The American Cancer Society’s Cancer Action Network looked into cancer patients’ and survivors’ engagement with physicians and cancer-focused services in March and April 2020. One-half of these folks reported an impact to their health care due to the COVID-19 pandemic: 27% of patients in active treatment had a delay in their treatment. Furthermore, 38% of cancer patients and survivors said they had a “notable impact” to their financial situation that affected their ability to pay for their cancer care. One-third of these people were concerned about COVID’s impact on their ability to get treatment for their cancer, especially acutely felt among patients in active treatment (40% of whom were worried).

This week, people in the U.S. are dealing with three Big Things that impact our physical and mental health; our personal and household financial health; and, our political, social, and moral well-being.

To help deal with this convergence and break the cycle of avoiding dealing with what’s long overdue to confront, we must consider and embrace a new kind of “herd immunity” to consider in this moment, described in a May 2020 JAMA editorial by David Williams and Lisa Cooper.

The Association for Professionals in Infection Control and Epidemiology (APIC) explains:

“Herd immunity (or community immunity) occurs when a high percentage of the community is immune to a disease (through vaccination and/or prior illness), making the spread of this disease from person to person unlikely. Vaccines prevent many dangerous and deadly diseases. Herd immunity protects the most vulnerable members of our population. If enough people are vaccinated against dangerous diseases, those who are susceptible and cannot get vaccinated are protected because the germ will not be able to ‘find’ those susceptible individuals.”

Williams and Cooper start their essay with the macro statistic: “In adulthood, black individuals have higher death rates than white persons for most of the leading causes of death.”

Their article focuses on the research to-date on rates of incidence and mortality due to COVID-19 in communities with higher black populations compared with white. One study, by Wadhera et. al., found risks linked to COVID-19 significantly varied by borough of residence in New York City. More affluent ZIP codes which had predominantly white residents had the lowest rates of COVID-19, even with higher population density. These data are shown in the bar chart for patient hospitalizations and deaths per 100,000 population in the five boroughs of NYC.

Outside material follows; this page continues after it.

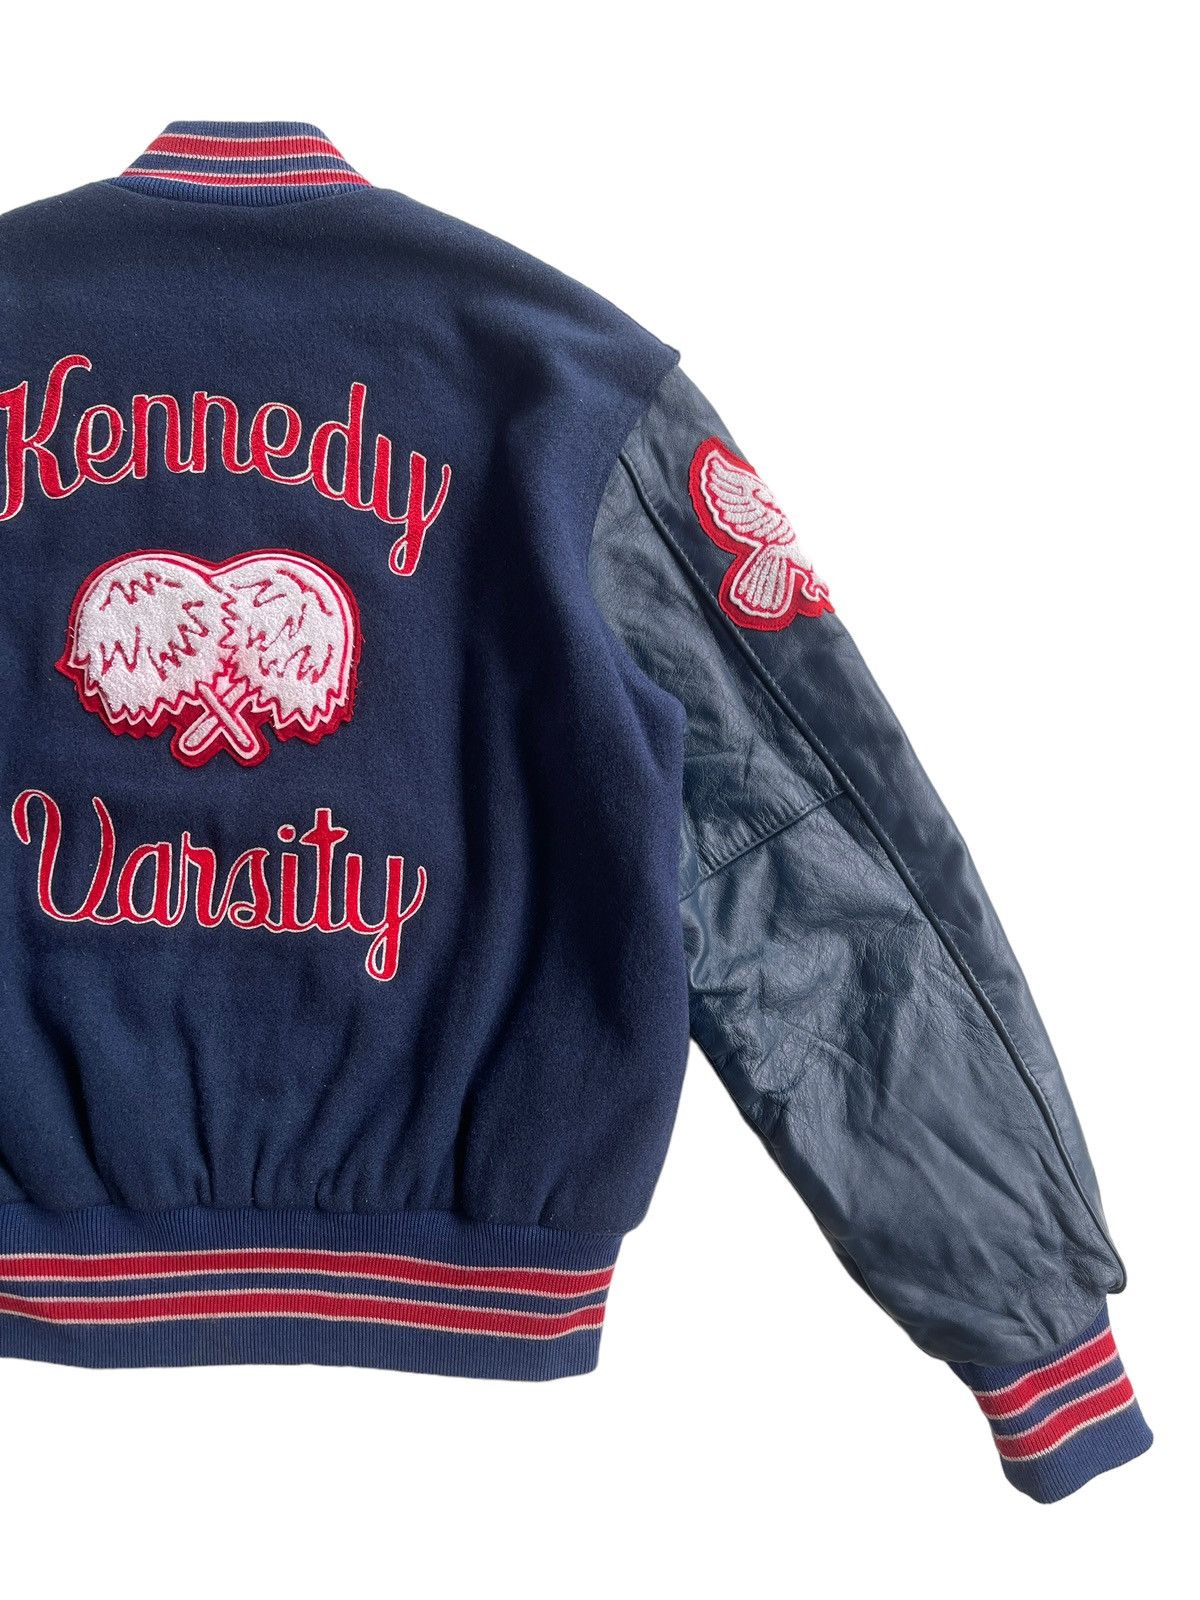 Vintage Vintage 70s Delong Kennedy Varsity Jacket Size US M / EU 48-50 / 2 - 6 Thumbnail

A similar finding in JAMA was also published, identifying higher COVID-19 rates among black people living in 4 highly-concentrated neighborhoods in Chicago. Dr. Yancy writes: “The US has needed a trigger to fully address health care disparities; COVID-19 may be that bellwether event.”

How to flatten the curve of racial disparities in health? Williams and Cooper wonder. In the short-run, there are immediate needs for housing, food, and economic assistance for those at most-risk for COVID and its accompanying negative financial impacts. In the longer range, “systematic, comprehensive and coordinate investments should be prioritized that create healthy homes and communities and provide ladders of opportunity (i.e., education and gainful employment) to ensure that all individuals in the US have access to choices that facilitate good health,” the authors recommend.

These tactics would provide a sort of “vaccine” to improve population health and create herd immunity against inequities in health, they propose.

This re-positions and -defines “herd immunity” in a contemporary way, recognizing that bolstering social determinants of health can “immunize” America from further divisions in public health and social/community chasms.